Bitcoins have no intrinsic value. But since they were introduced to the world in 2009 by inventor Satoshi Nakamoto (a pseudonym), they have turned into a billion-dollar market and have been designated a currency by the U.S. government. Since the days when stones and shells were recognized as a means of payment, currency has taken many forms. What makes bitcoin a currency is what it does, not what it is. "To the extent it looks, walks and acts like a duck, this 'duck' is a currency," says Sam Hamadeh, chief executive officer of private-company research firm PrivCo.

Here are some questions and answers explaining how bitcoin became a currency. The answers were supplied by, the Bitcoin Foundation, Hamadeh and the website of Mt. Gox, the largest marketplace for trading bitcoins.

What are bitcoins?

Nothing but a randomly assigned set of unique numbers, not encrypted or particularly complicated. They are linked to individual signatures to prove ownership. That ownership can be transferred between parties.

How are they allotted?

They can be bought second-hand on exchanges or "mined" as new bitcoins. Bitcoin prospectors who want new coins must solve math problems of varying complexity that are posed by members of the Bitcoin open-source consortium. Solving the problem gets you assigned to a pool that will be granted a number of the coins. Cracking the math problem, which requires a large amount of computing power and can take weeks, does not assure you will get any bitcoins, but puts you into a lottery that gives you a chance at winning one.

[Read: The Rise and Fall of Anonymous Bitcoins.]

Why does it sound like a game?

There are overlaps in the gaming and bitcoin community. Super-fast gaming chips have been used by many bitcoin miners, and online game players have long competed for rewards like virtual money. But this time, it's serious.

What does it mean that bitcoins are "open source"?

In theory, the thousands of volunteers who review and approve bitcoin allotments provide a check on the system to make sure the supply is closely monitored and verified against a master list.
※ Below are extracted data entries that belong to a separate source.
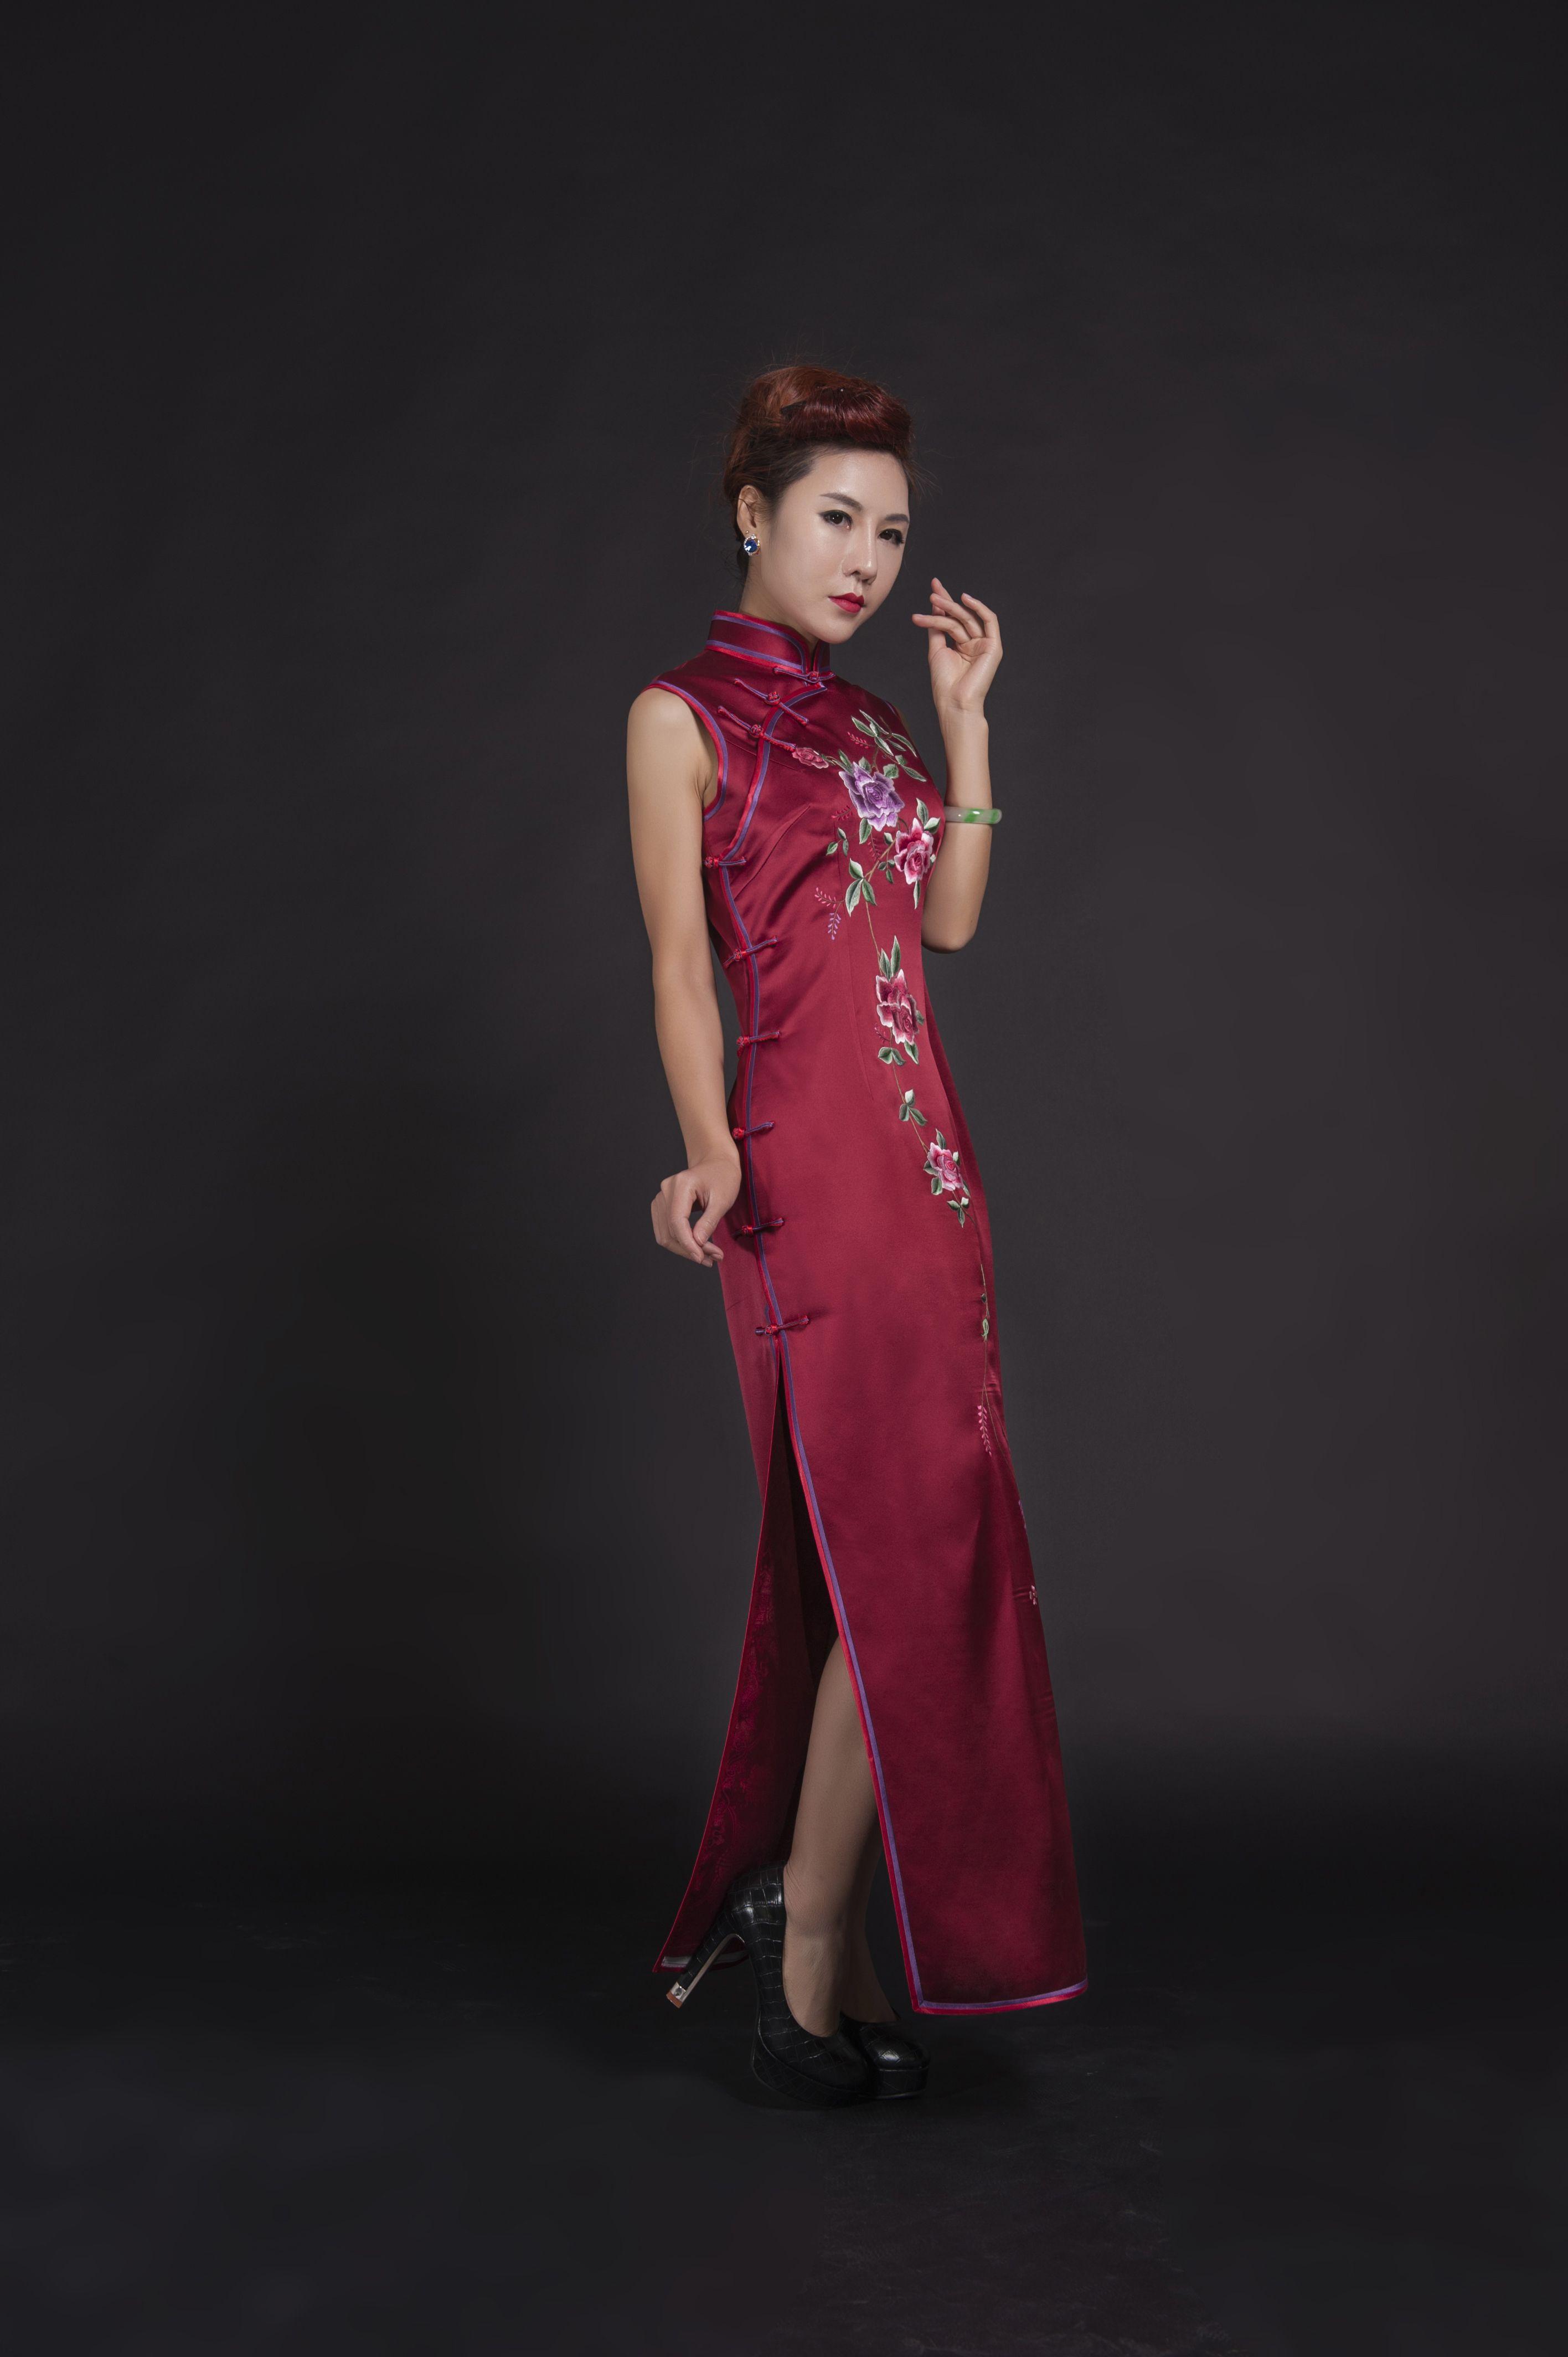 Cheongsam Qipao Modern Fashionable Qipao Modern Fashion Formal Dresses [ 4256 x 2832 Pixel ]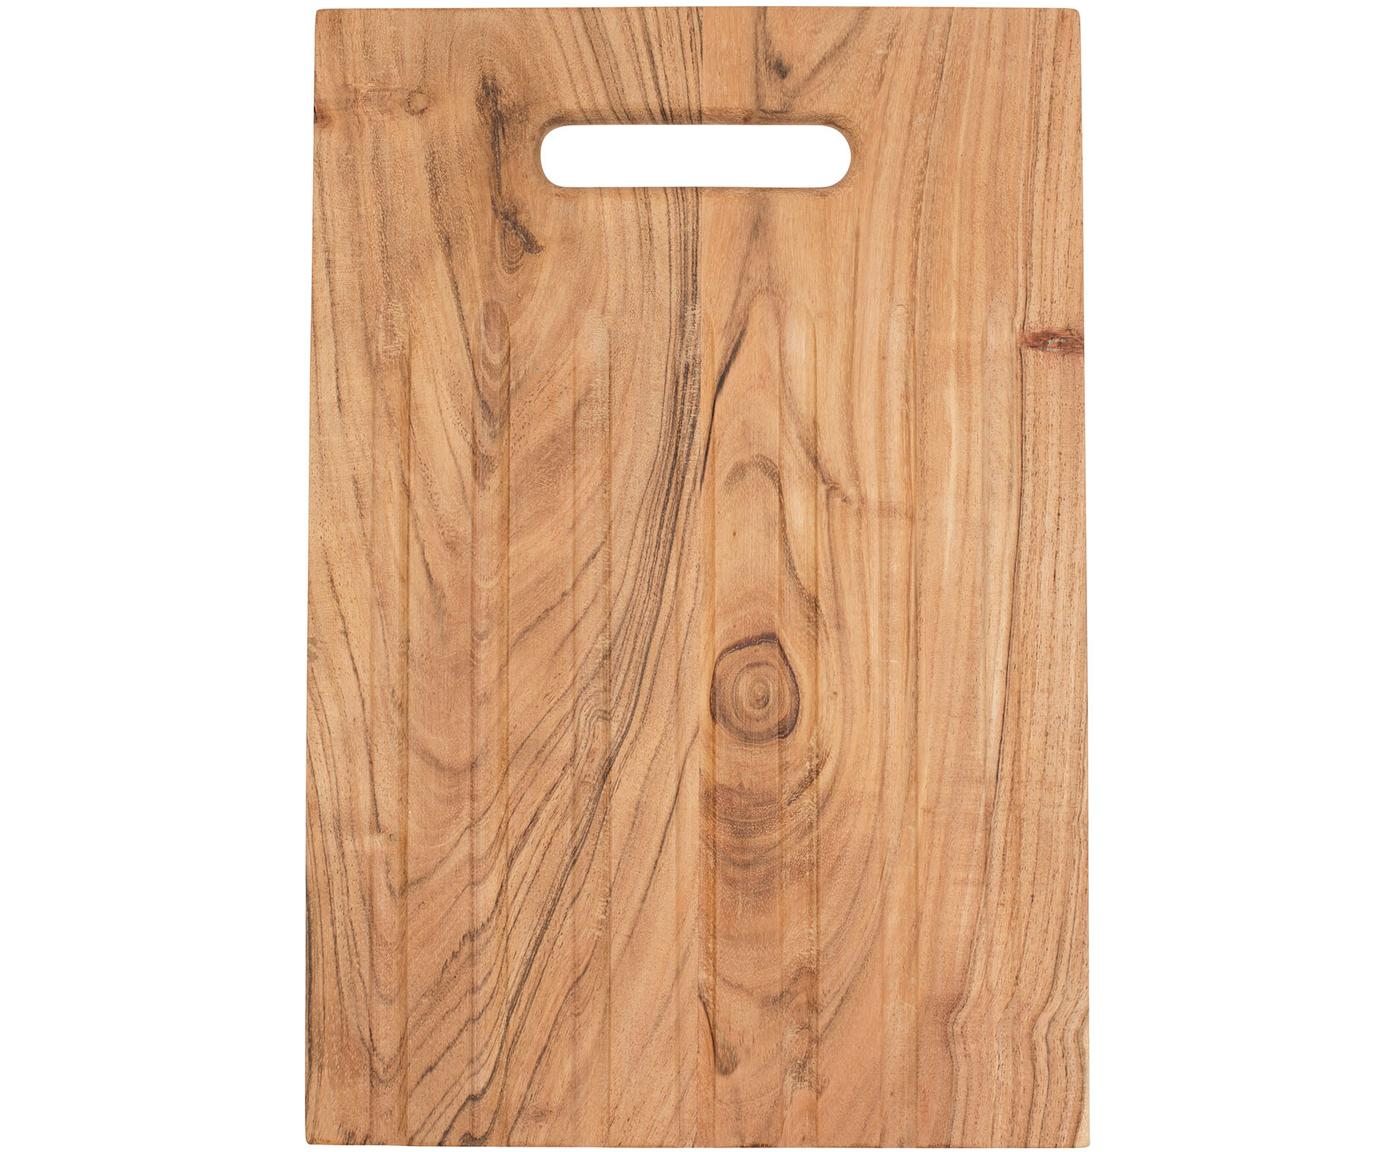 Snijplank Bert, Acaciahout, Acaciahoutkleurig, B 38 x D 25 cm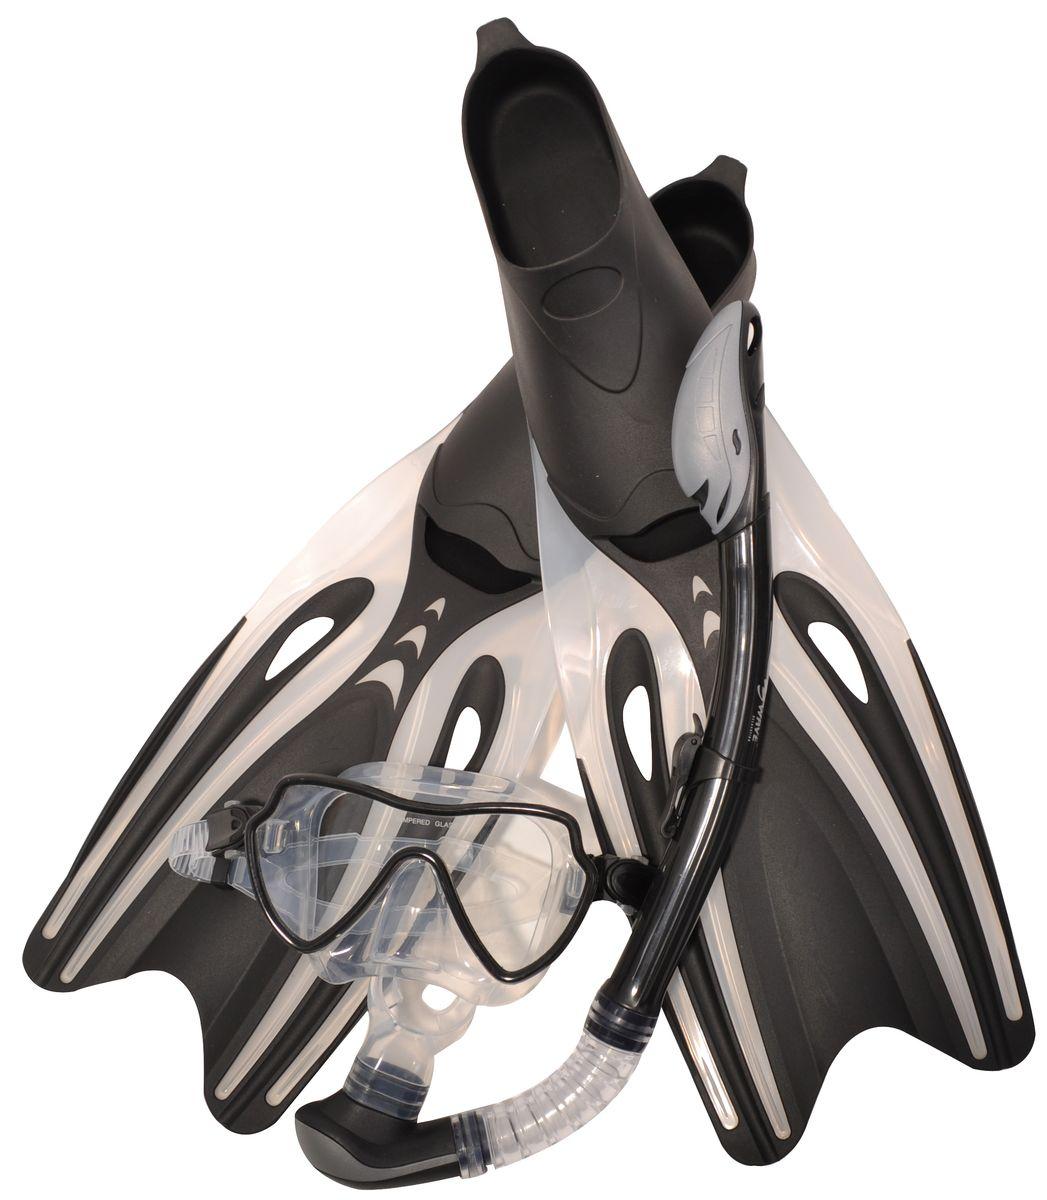 Комплект для плавания WAVE: маска, трубка, ласты, цвет: черый,серый. Размер 39-41. MSF-1390S65F69 маска для плавания wave цвет черный m 1314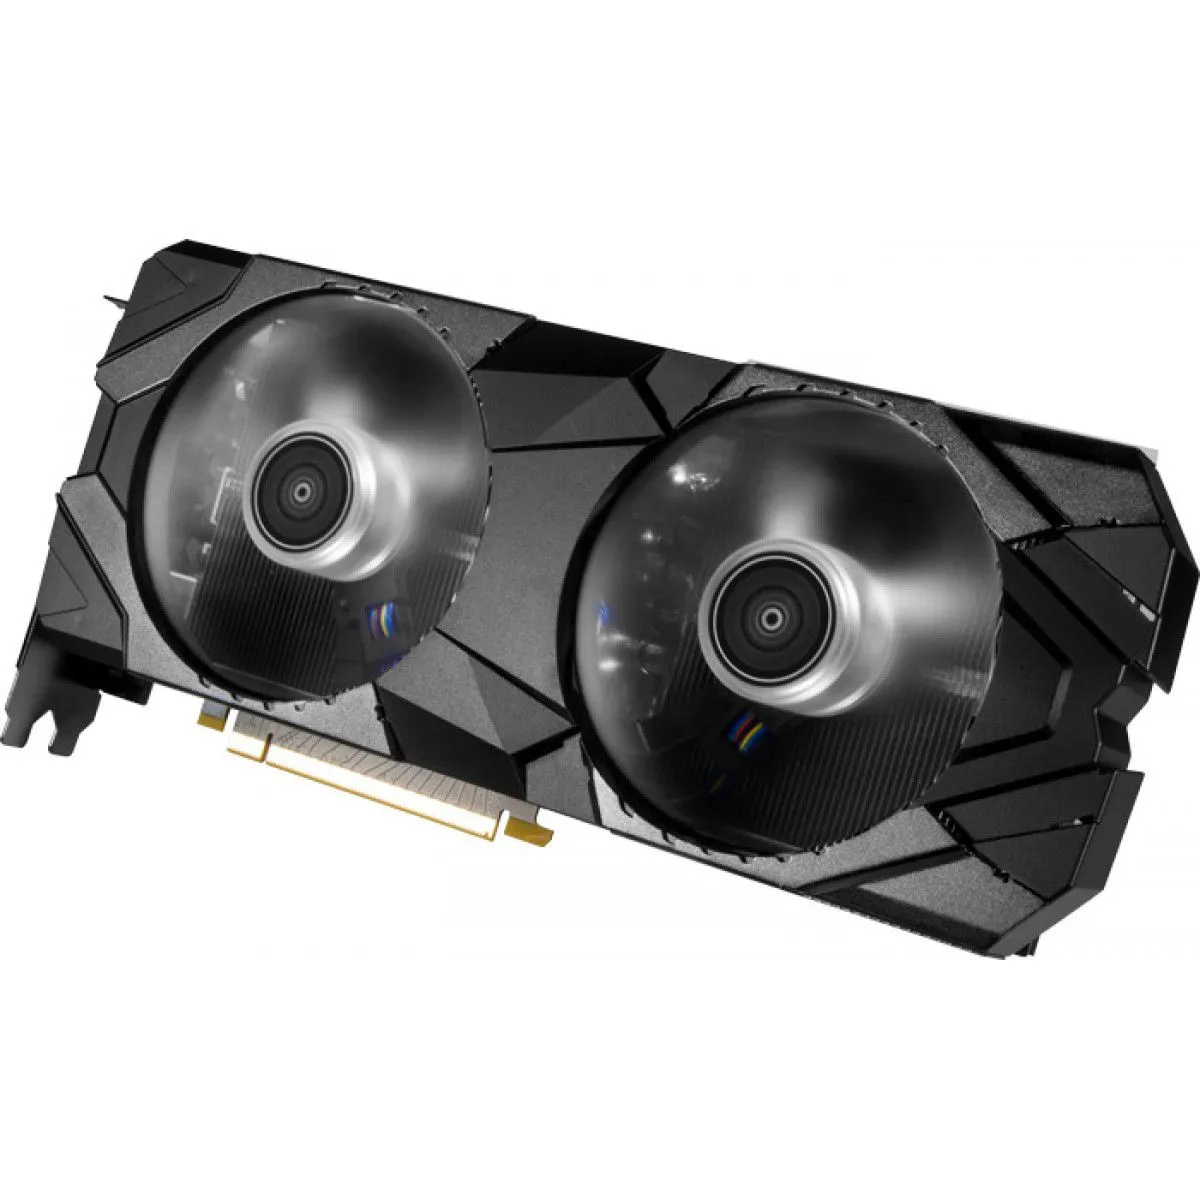 Placa de Vídeo Galax GeForce RTX 2070 Super EX (1-Click OC) 8GB GDDR6 256Bit 27ISL6MDU9EX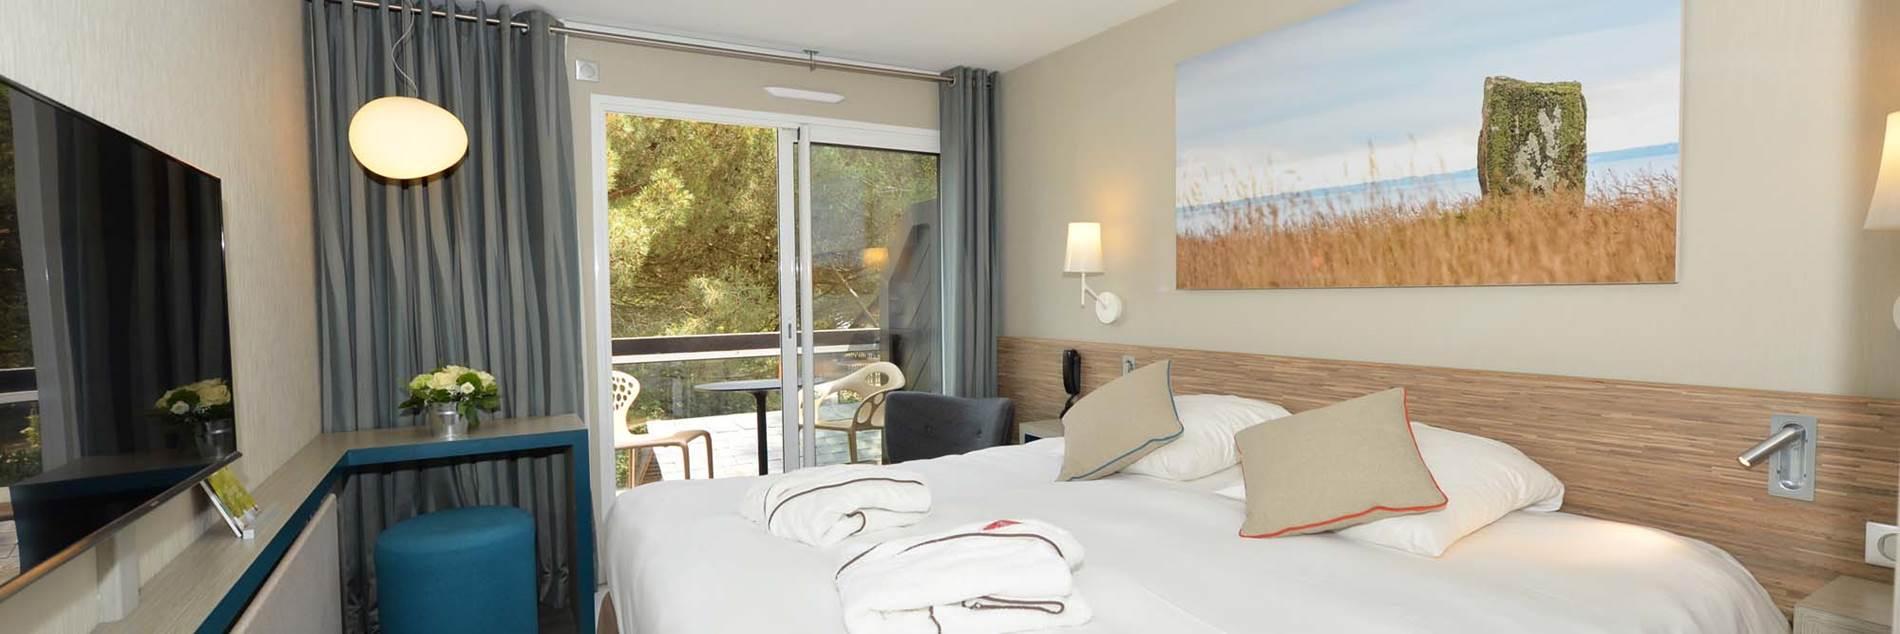 Thalazur-Carnac-Hotel-Les-Salines-Morbihan-Bretagne-Sud © Michel RENAC

While the algorithms, or computer codes, users must solve are secretive, the master list, known as the "block chain," is publicly viewable, just as the code for open-source browser Firefox is open. The theory is that the more eyes there are on a transaction, the more secure it is.

Other open-source groups have managed success using a similar open process. Linux, the widely used open-source computer operating system, was developed by thousands of users who contributed code and maintain the integrity of the software. Wikipedia, the online encyclopedia, works on the same concept. The ethos is as old as the Internet itself, which is carried by millions of computers in a peer-to-peer, decentralized network based on a set of common rules.

How many bitcoins are there?

Bitcoin's rules are based on a mathematical formula that will grow until the number of units hits 21 million, at which point it will shut down. In theory, the bitcoins may be broken into many smaller parts so the money supply can be expanded to meet growing demand.

How do bitcoins gain value?

Value is subjective. The bitcoin numbers themselves are worth nothing – just as gold is just a piece of metal until someone pays for it.

Initially, they were worth pennies. But speculators have bid up the value of a single bitcoin to as high as about $290. The overall value of all bitcoins in circulation is now calculated to be $1 billion, a sizeable figure but a tiny fraction of all global currencies. Vastly more currency is denominated in bank credits and accounts held by governments and individuals and estimated by the International Monetary Fund to be worth about $150 trillion.

How does "real" money gain value?

The piece of paper the dollar is printed on is worth nothing on its own. But banks allot credit to individual banking accounts regulated by government central banks. Their value comes from a government's backing, know as a "fiat," Latin for "let it be done." Every government has a fiat currency, even if it decides to peg its currency to U.S. dollars, as some Latin American, Gulf region and Asian countries do, and because the gold, oil and other global commodities are priced in them.